Category: writing

‘the violence calls up silence’

 [This is the second of two stories written for the Lancaster and Cumbria Nanowrimo groups first creative writing challenge]

Ed looked into Lily’s eyes and saw nothing. Once they were filled with laughter, love, intrigue and sometimes sadness. Her eyes were truly the gateway to her soul and would reflect every inner thought. In the throes of passion and in each tumultuous fight he would know her inner feeling just by looking into those green seas.

Seas, the ever shifting landscape that they both loved, it is why they stayed in Blackpool. For all its cheapness, bright lights, wailing sirens, dilapidated arcades with wind-faded signs and streets littered with bargain shops. They loved the seas, the winds, the dunes near to Lytham, it was change and decay in equal measure. Like a fading relationship filled with contradiction and melancholy. You could come to Blackpool and just let yourself merge into the miasma of broken dreams and empty promises. Here you could let things fade away slowly hanging onto a facade filled with wild smiles and madness with nothing underneath.

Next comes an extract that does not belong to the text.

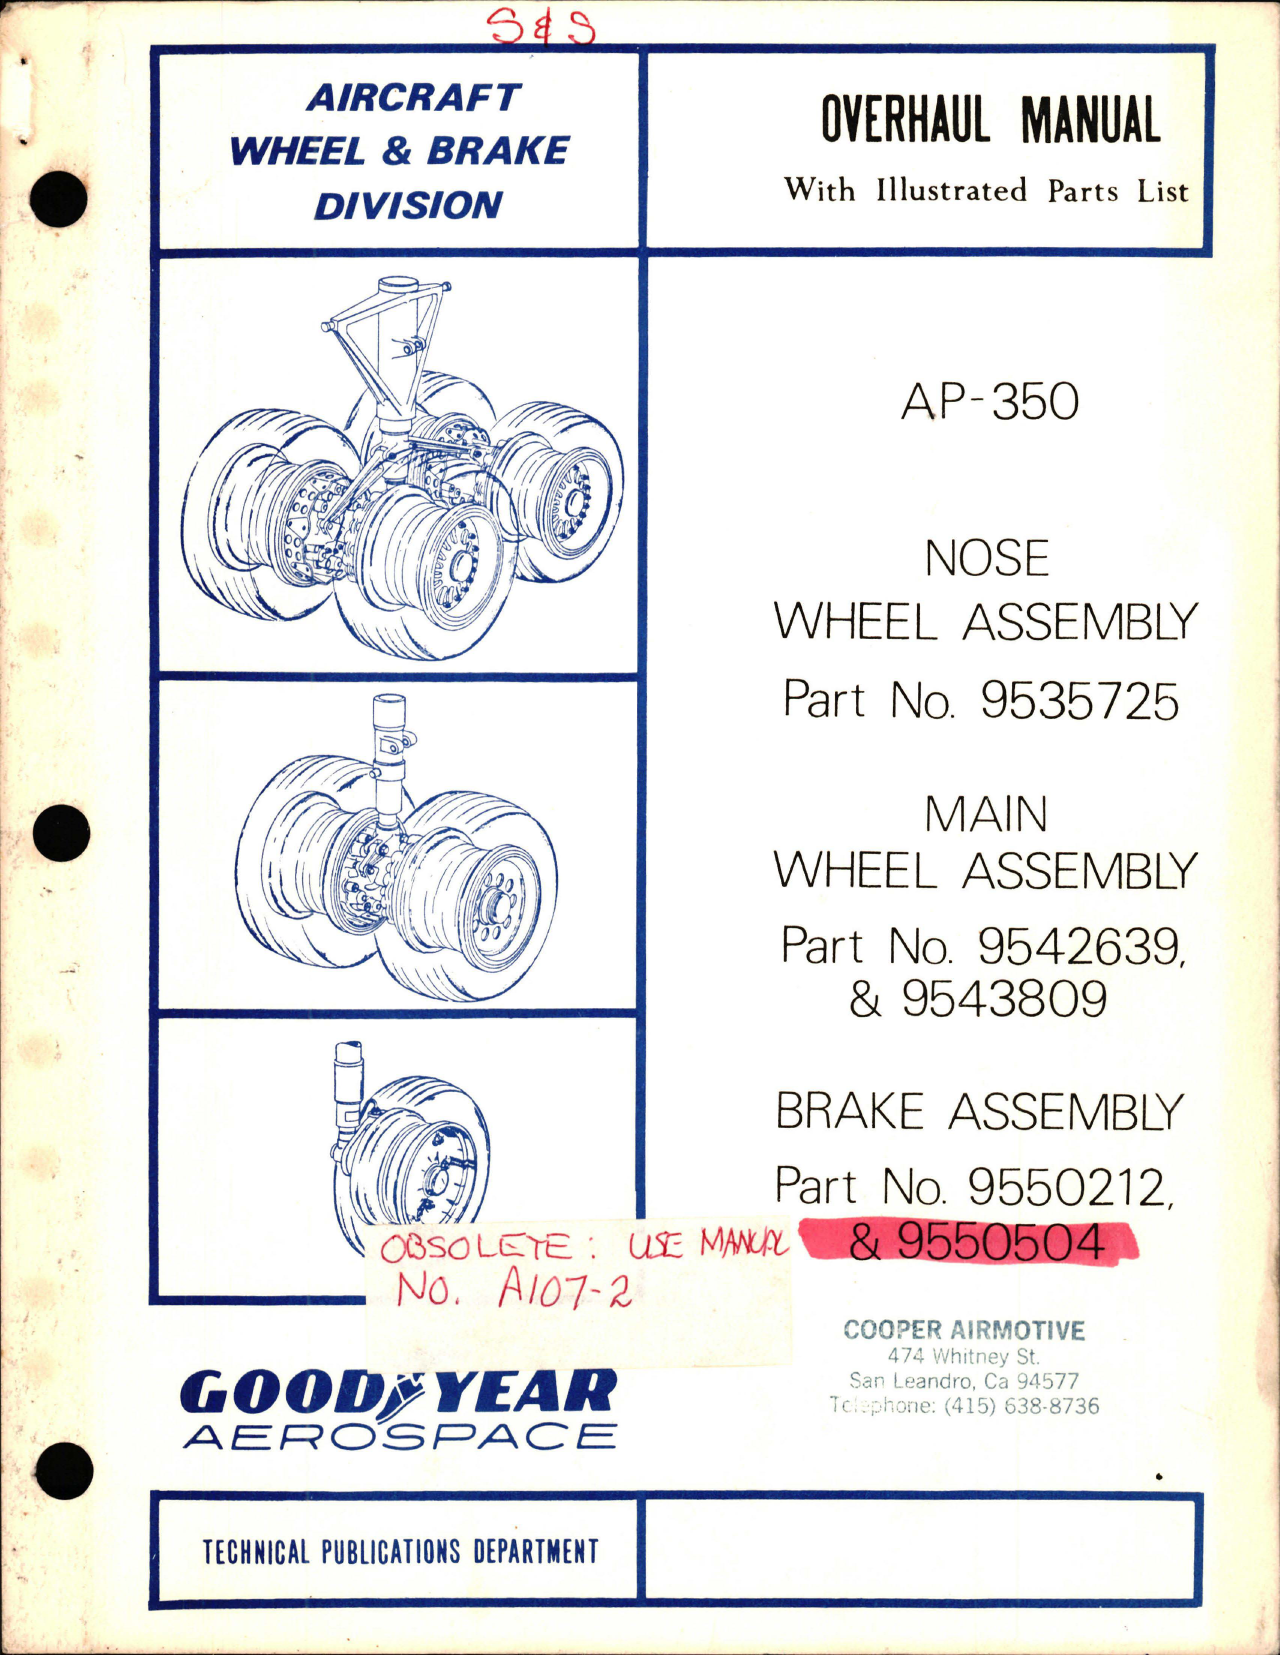 Sample page 1 from AirCorps Library document: Overhaul Manual with Illustrated Parts List for Nose Wheel, Main Wheel and Brake Assembly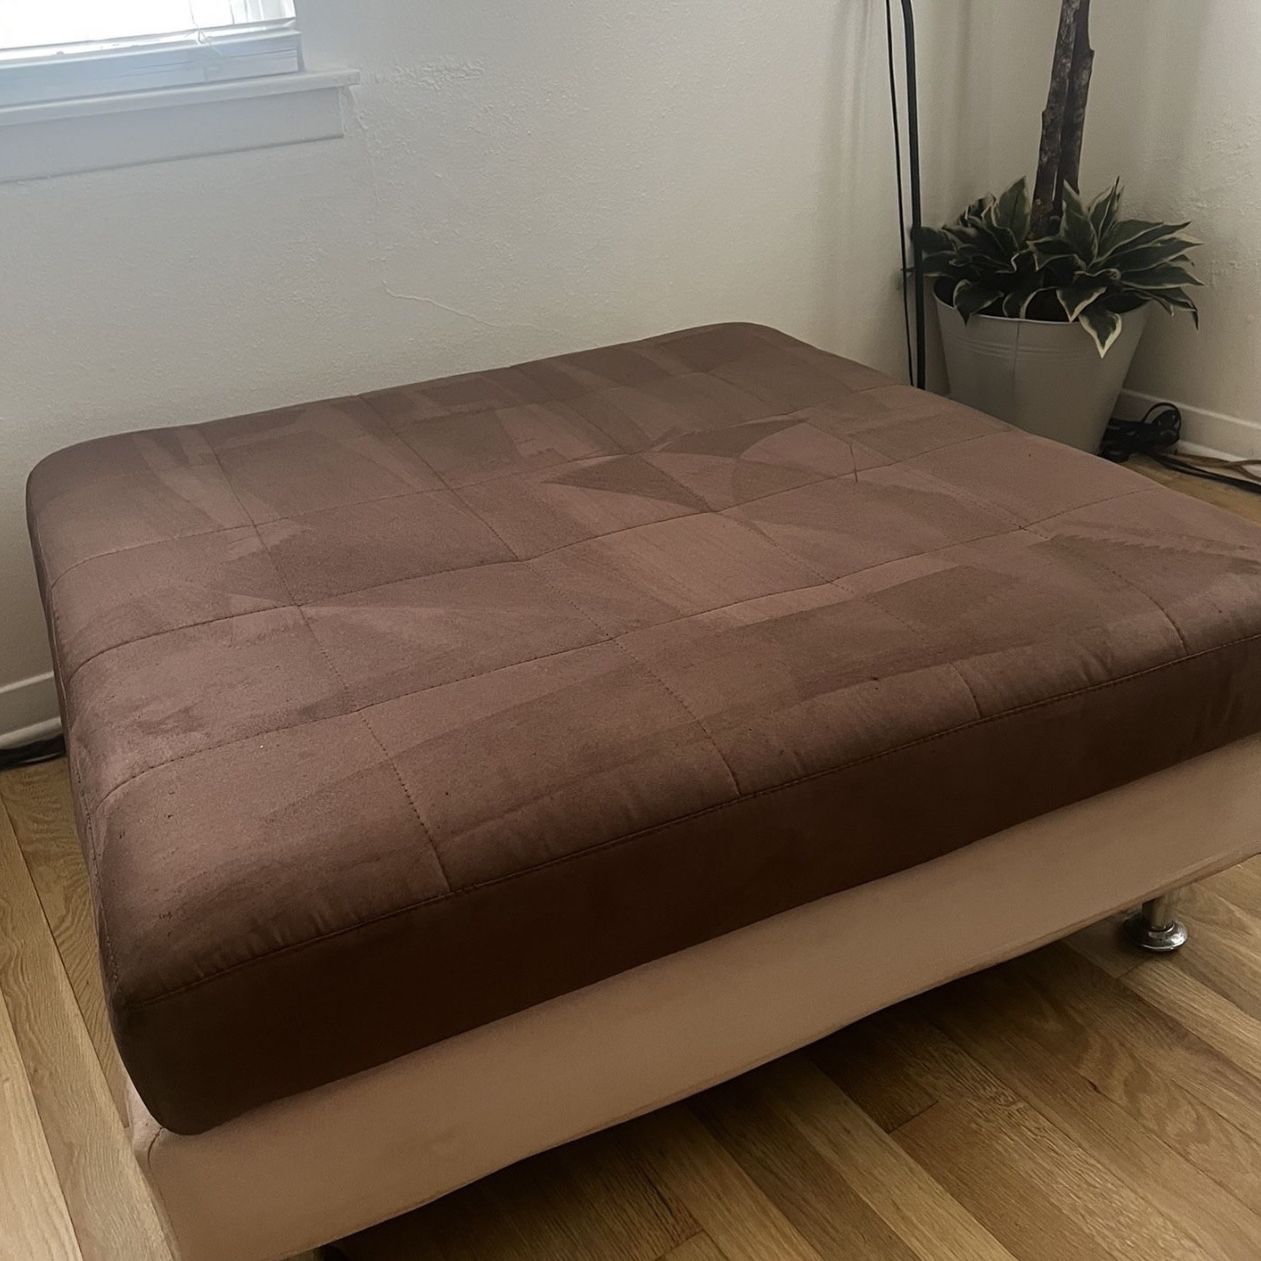 Barely Used Ottoman

Even in the days of Austerity, with its investments culled and ambitions slaughtered the town survived. Every boarded shop and for sale sign patterned with a thousand billboards and stickers, moated in vomit. Empty holes like the sockets where teeth once stood. The rest of those teeth kept all bright white and artificially straightened to hide the decay inside, the rotting core and receding gums.

Blackpool was a period piece that was condemned repeatedly yet still survived. A dinosaur with the tenacity of a turtle, out evolved but still plodding along cocooned in a hard shell. That was what Ed and Lily loved. To them it was a treasure, a peasant in a toilet who knows that even princes have to piss. Blackpool was not restrained by its past, it was proud and even mocking.

Blackpool saved them. It brought them back together all those years ago. They had returned to this town, near to their birth and closer to their hearts than each other and had found themselves. The fading matched the shift in their lives. The decay, hidden beneath the apologists polish, a match for the hole in their lives.

But the ever-shifting seas, the sands and the skies.

The rich red skies of morning, the deep reds of night, had rekindled a deeper understanding. They saw themselves as a part of the tapestry, they were matched to this scene and as Blackpool’s fortunes shone and dimmed, so could their love. But is still went on, the tides would never stop, the winds would blow, the skies shift and the world would turn and they could see that together.

But now her eyes, those emeralds highlighted beneath the gathering brows of age were dulled. They no longer shone, or danced with laughter, they no longer held that love for him.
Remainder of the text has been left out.